Cherry Cheesecake Blondies
We’ve added a decadent cheesecake layer to these chewy blondies. Raspberries would make a great alternative to cherries.
Hands-on time 20min, plus cooling and chilling. Cooking time about 1hr. Serves 16
FOR THE COMPOTE
½tbsp cornflour
400g tin cherries in syrup, drained and 1tbsp syrup reserved 2tbsp caster sugar FOR THE CHEESECAKE LAYER
175g full-fat cream cheese 2tbsp caster sugar 1 medium egg
1tsp vanilla bean paste 1tbsp plain flour
FOR THE BLONDIE 250g unsalted butter, melted, plus extra to grease
150g light brown soft sugar
100g caster sugar
3 medium eggs, beaten 1tsp vanilla bean paste 175g plain flour
½tsp baking powder 150g white chocolate, roughly chopped
1 Preheat oven to 180°C (160°C fan) mark 4 and grease and line a 20.5cm square tin with baking parchment. To make the compote, mix the cornflour and reserved syrup in a small pan. Add cherries and sugar and bring to the boil, stirring occasionally, over high heat. Bubble for 5min, until reduced and slightly thickened. Cool.
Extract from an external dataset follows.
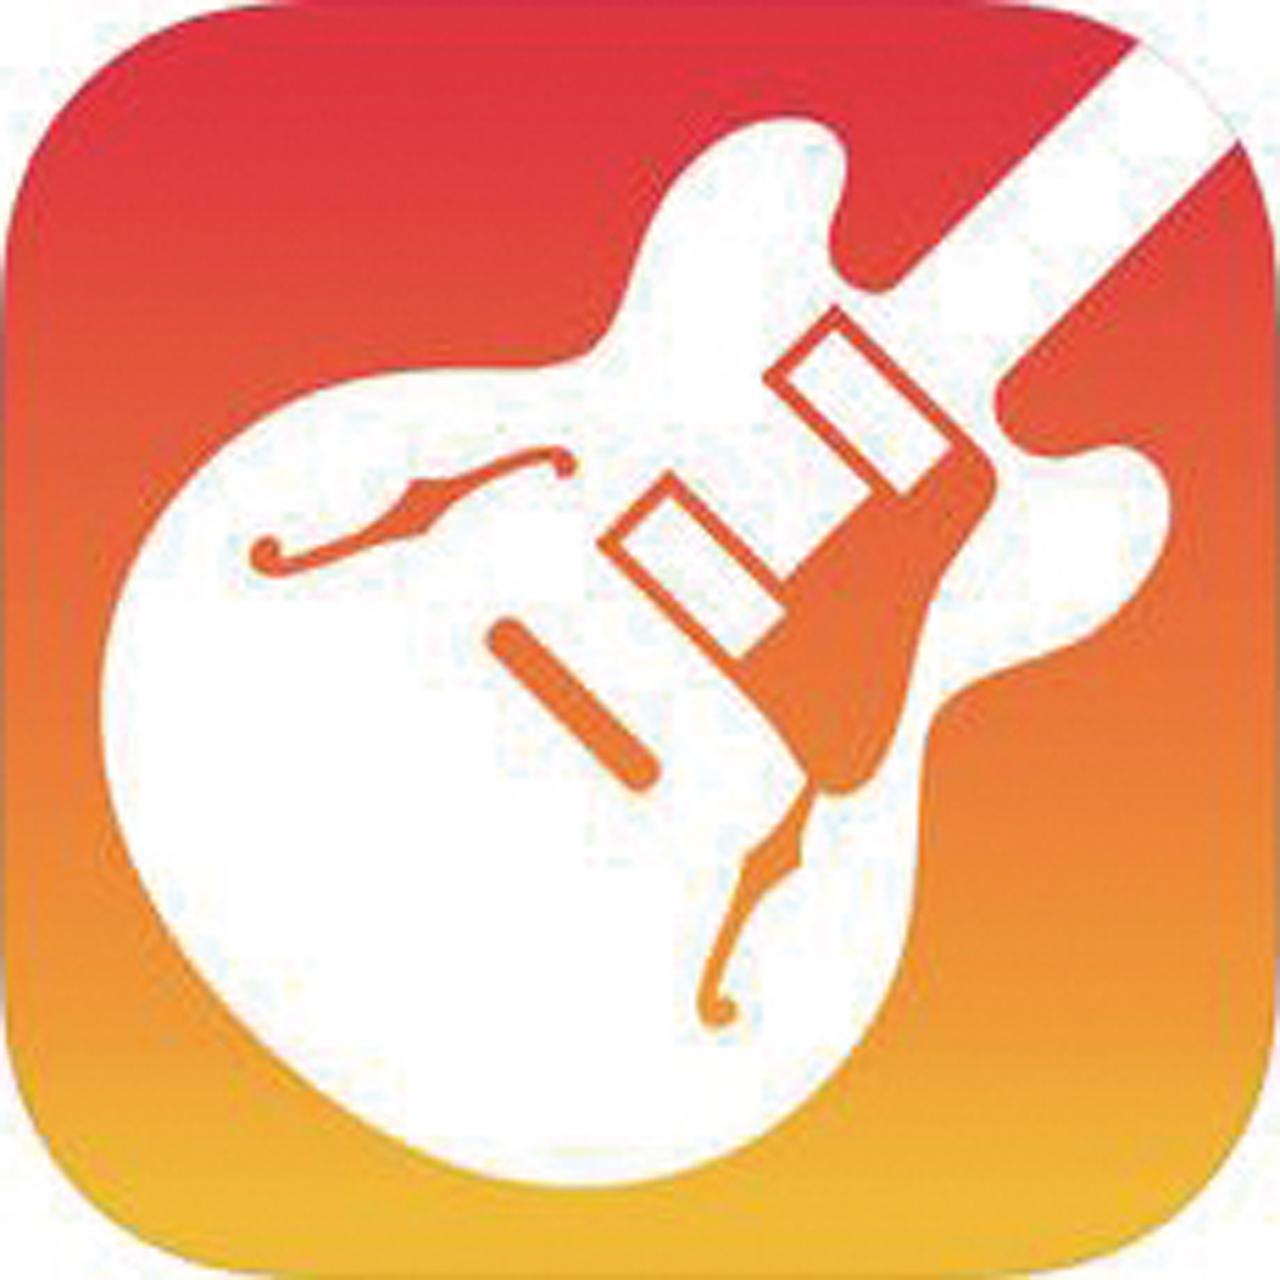 画像1: 【無料楽器アプリ】バイオリンやドラムを演奏! 1人バンドを実現!おすすめ4選はコレだ

2 In a medium bowl, whisk cheesecake layer ingredients together, until combined. Set aside.
3 For the blondie, in a large bowl, mix sugars and melted butter. Next, mix in eggs and vanilla, followed by flour, baking powder and white chocolate, until combined. Scrape into prepared tin and smooth to level.
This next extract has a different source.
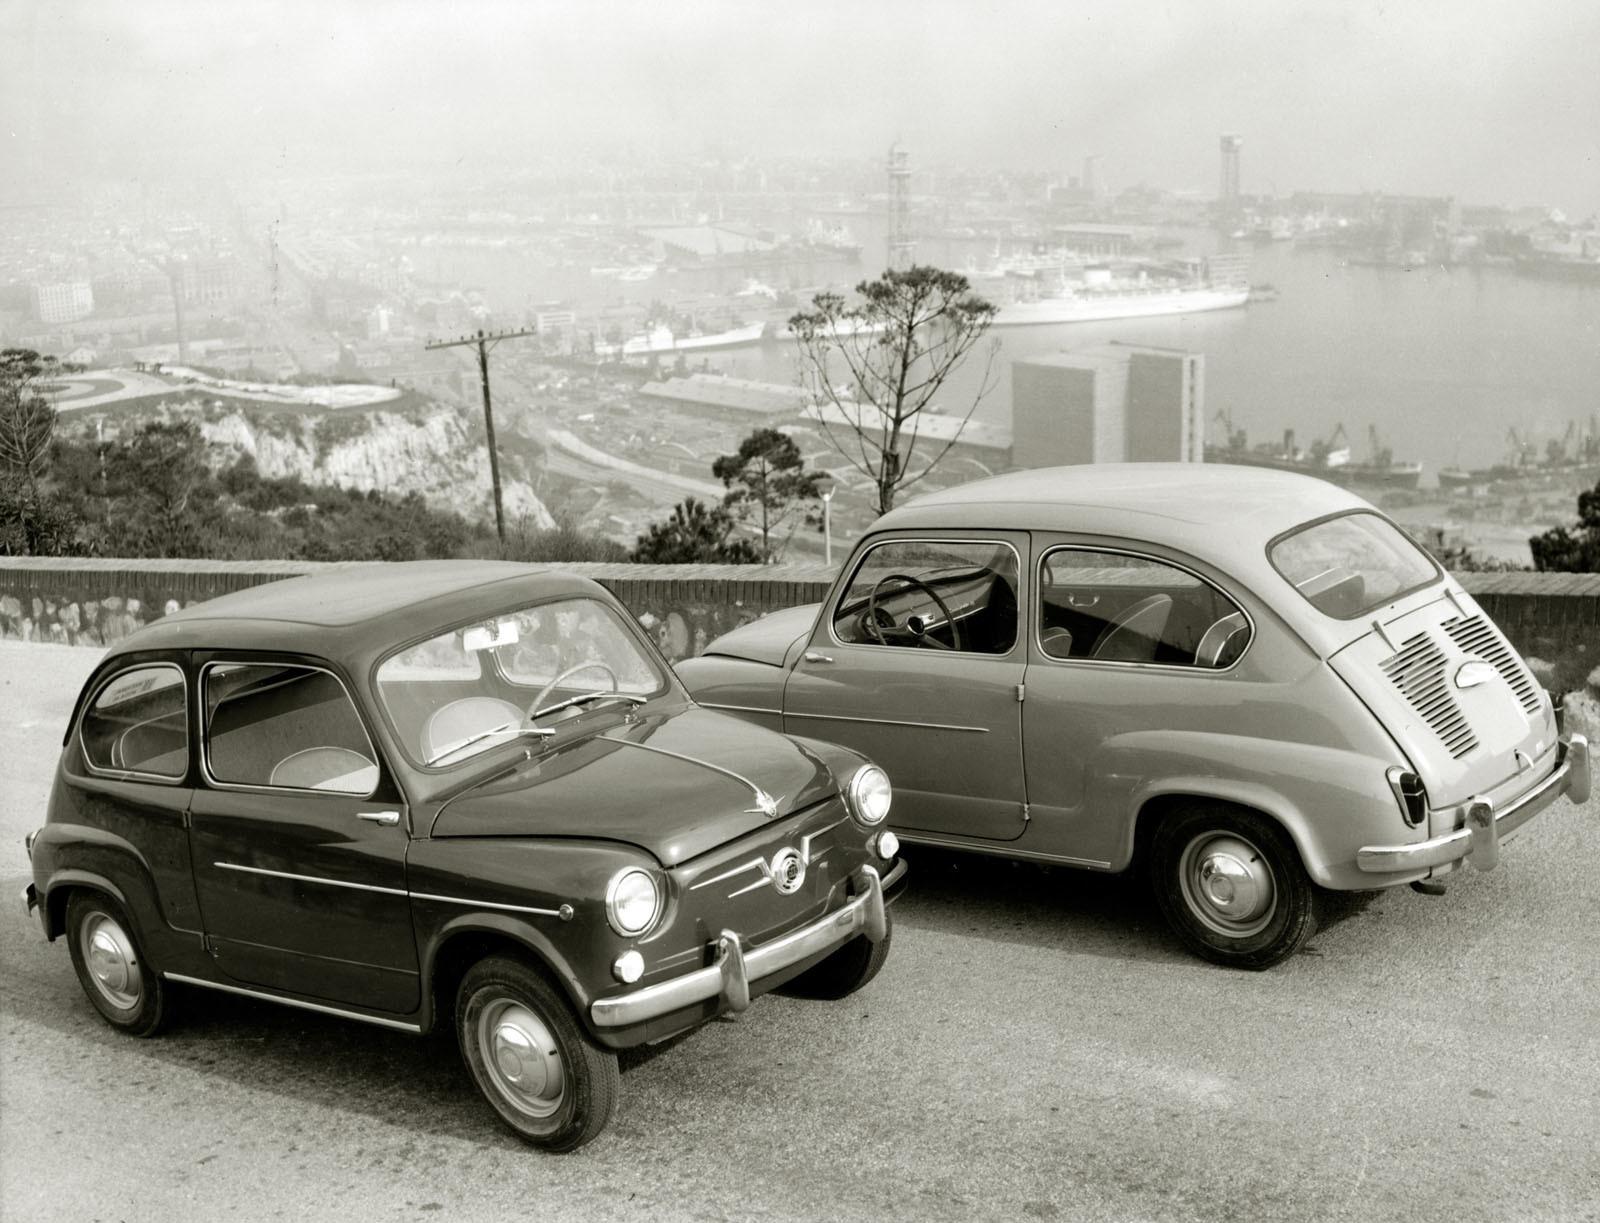 Foto de SEAT 600 (50 Aniversario) (55/64)

4 Dollop cheesecake mixture on to blondie base and swirl into batter with a skewer. Dot over cherry compote. Bake for 50min, or until golden and set. Cool completely in tin, then chill for at least 2hr.
5 Transfer to a board, slice into 16 squares and serve. PER SERVING 341cals, 4g protein, 20g fat (12g saturates), 36g carbs (27g total sugars), 1g fibre TO STORE Store in an airtight container in the fridge for up to 5 days.